Calculates a rolling aggregation over a trailing window of periods. For example, use it to calculate a trailing twelve month (TTM) sum or a rolling 3-month average.

Syntax

roll(Series, Window, Method)

Arguments

  • Series
    The series you want to evaluate.
  • Window
    The number of trailing periods to include in the rolling window.
  • MethodOptional
    The type of calculation: 'avg', 'sum', 'min', 'max', or 'prod'. If you leave this blank, it defaults to 'avg'.
wtavg
statistical

Calculates the weighted average for each time period using alternating Value and Weight pairs.

Syntax

wtavg(Value and Weight Pair 1, Value and Weight Pair 2 ...)

Arguments

  • Value and Weight PairsOptional
    Alternating arguments: Value 1, Weight 1, Value 2, Weight 2...
wtavg_series
statistical

Calculates the weighted average of a series across your timeline.

Syntax

wtavg_series(Values, Weights, Filter, Placement)

Arguments

  • Values
    The series of values you want to average.
  • Weights
    The series containing the weights for each period.
  • FilterOptional
    An optional boolean condition to filter which periods to include.
  • PlacementOptional
    Tells the engine exactly where to drop the result on your timeline.

Timeshift

next
timeshift

Grabs a value from a future period for each time period.

Syntax

next(Series, Periods, Final Value)

Arguments

  • Series
    The series you want to look ahead at.
  • PeriodsOptional
    How many periods into the future you want to look.

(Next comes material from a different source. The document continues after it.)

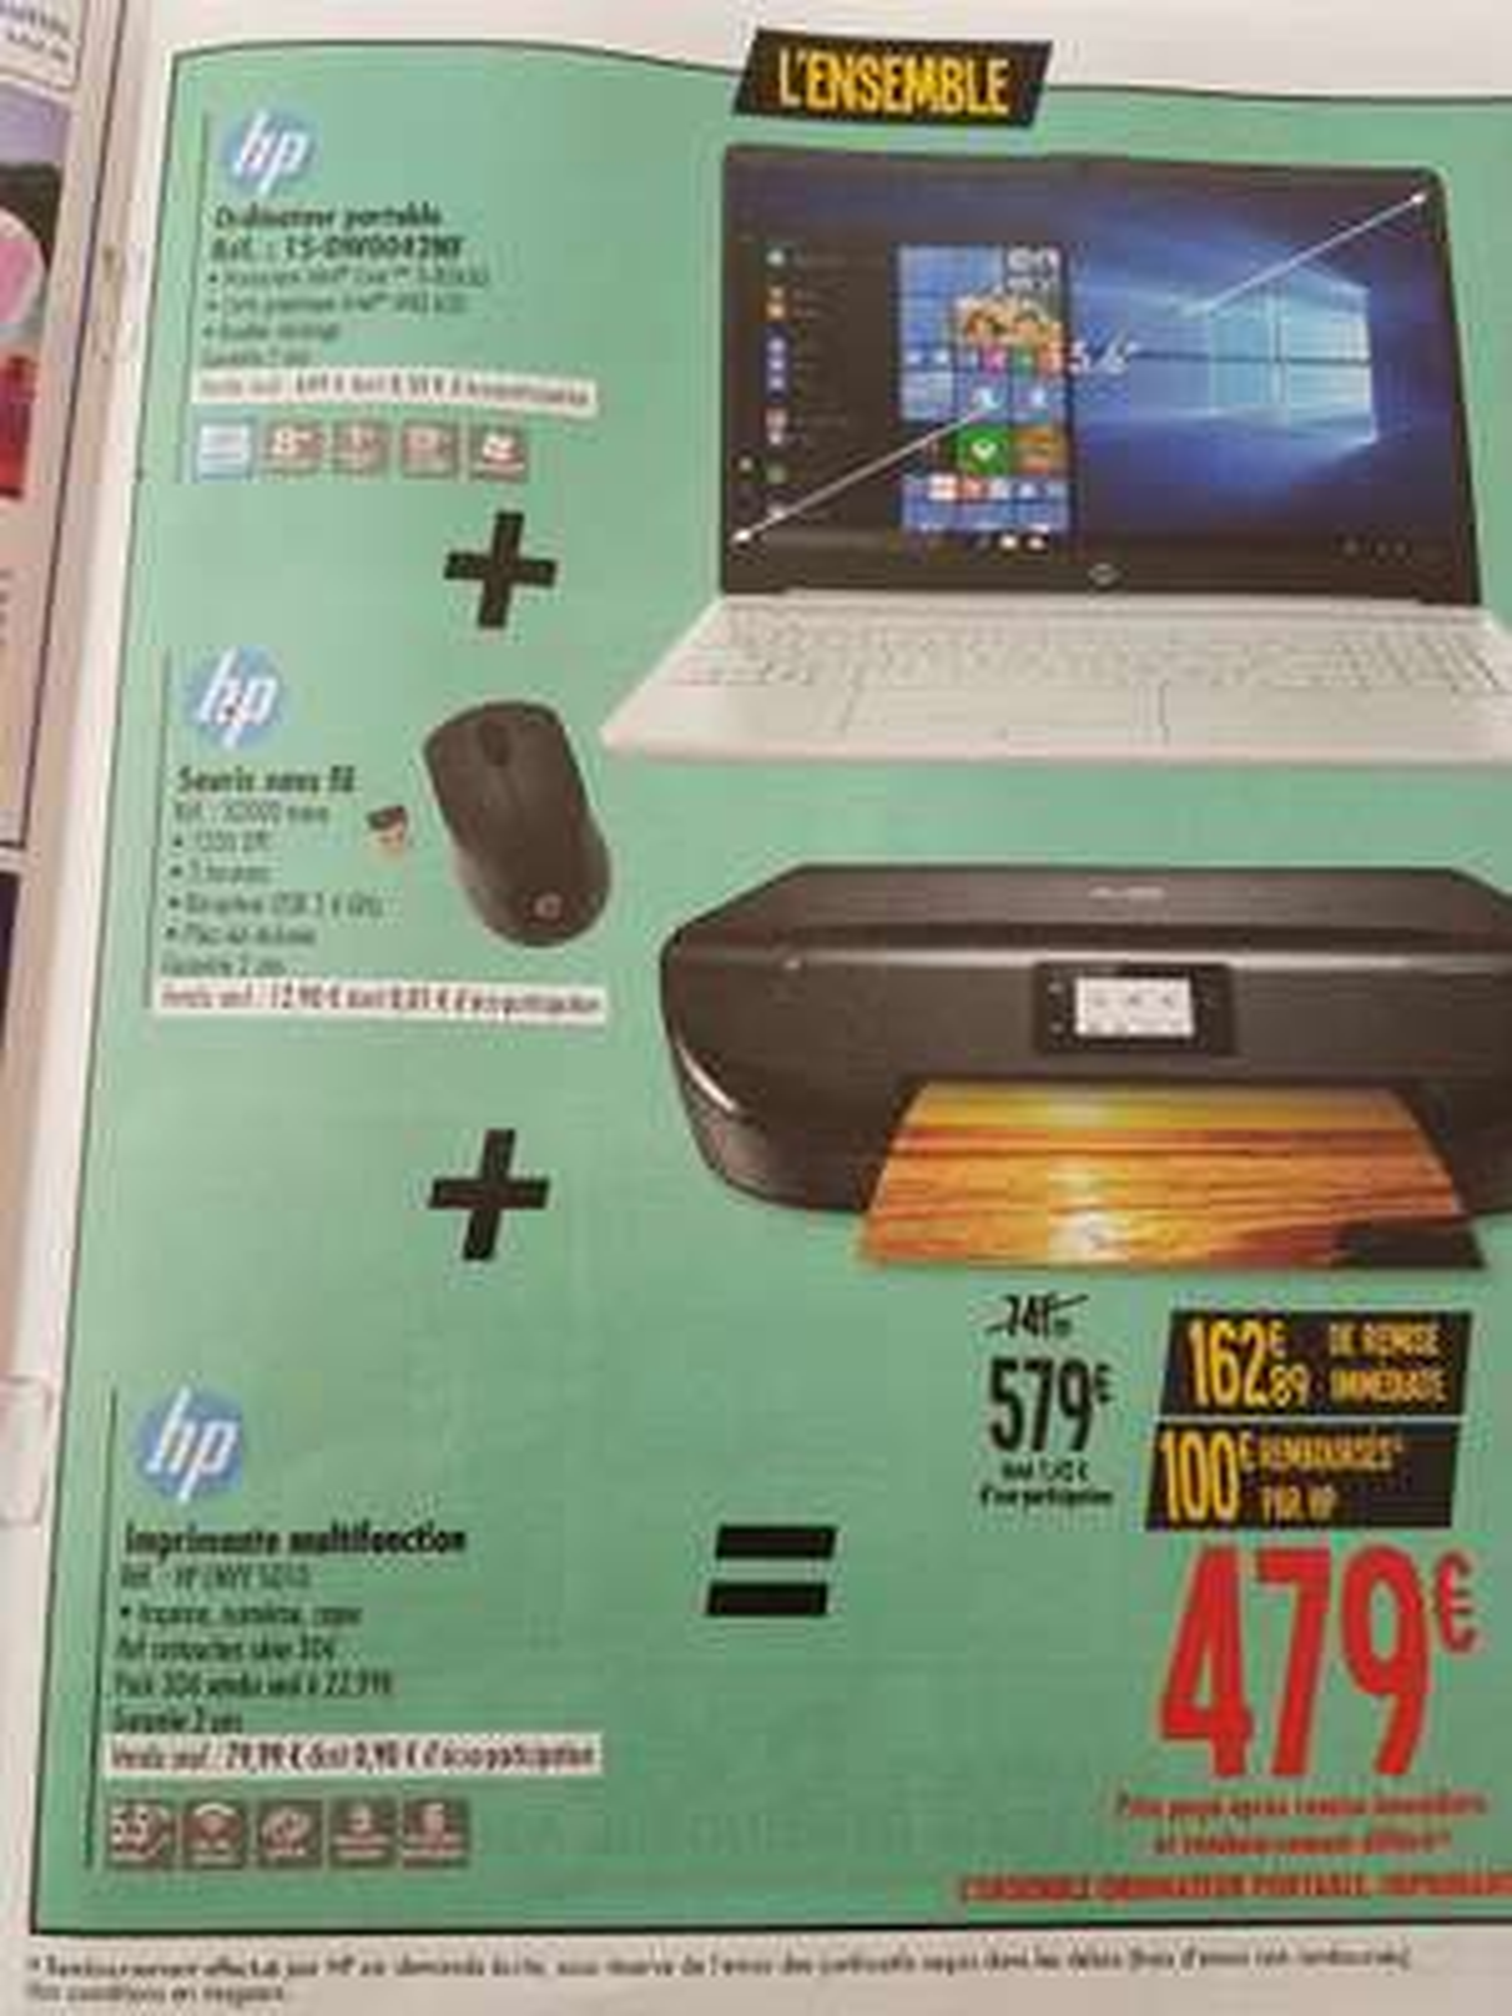 "PC portable 15.6"" HP 15-dw0042nf (i5-8265U, 8Go RAM, 1To + 128Go SSD) + imprimante HP Envy 5010 + souris sans-fil HP X3000 (via ODR de 100€)"

For example, enter 1 for the next period. Defaults to 1 if left blank.
  • Final ValueOptional
    The final value to use if there is no next period. If you leave this blank, it defaults to 0.
prev
timeshift

Grabs a value from a past period for each time period. This is useful for calculating period-over-period growth or carrying over an ending balance to the current period's starting balance.

Syntax

prev(Series, Periods, Initial Value)

Arguments

  • Series
    The series you want to look back at.
  • PeriodsOptional
    How many periods back you want to look. For example, enter 1 to get the previous period's value. Defaults to 1 if left blank.
  • Initial ValueOptional
    The initial value to use if there is no previous period. You can pass in another variable as the initial value. If you leave this blank, the default is 0.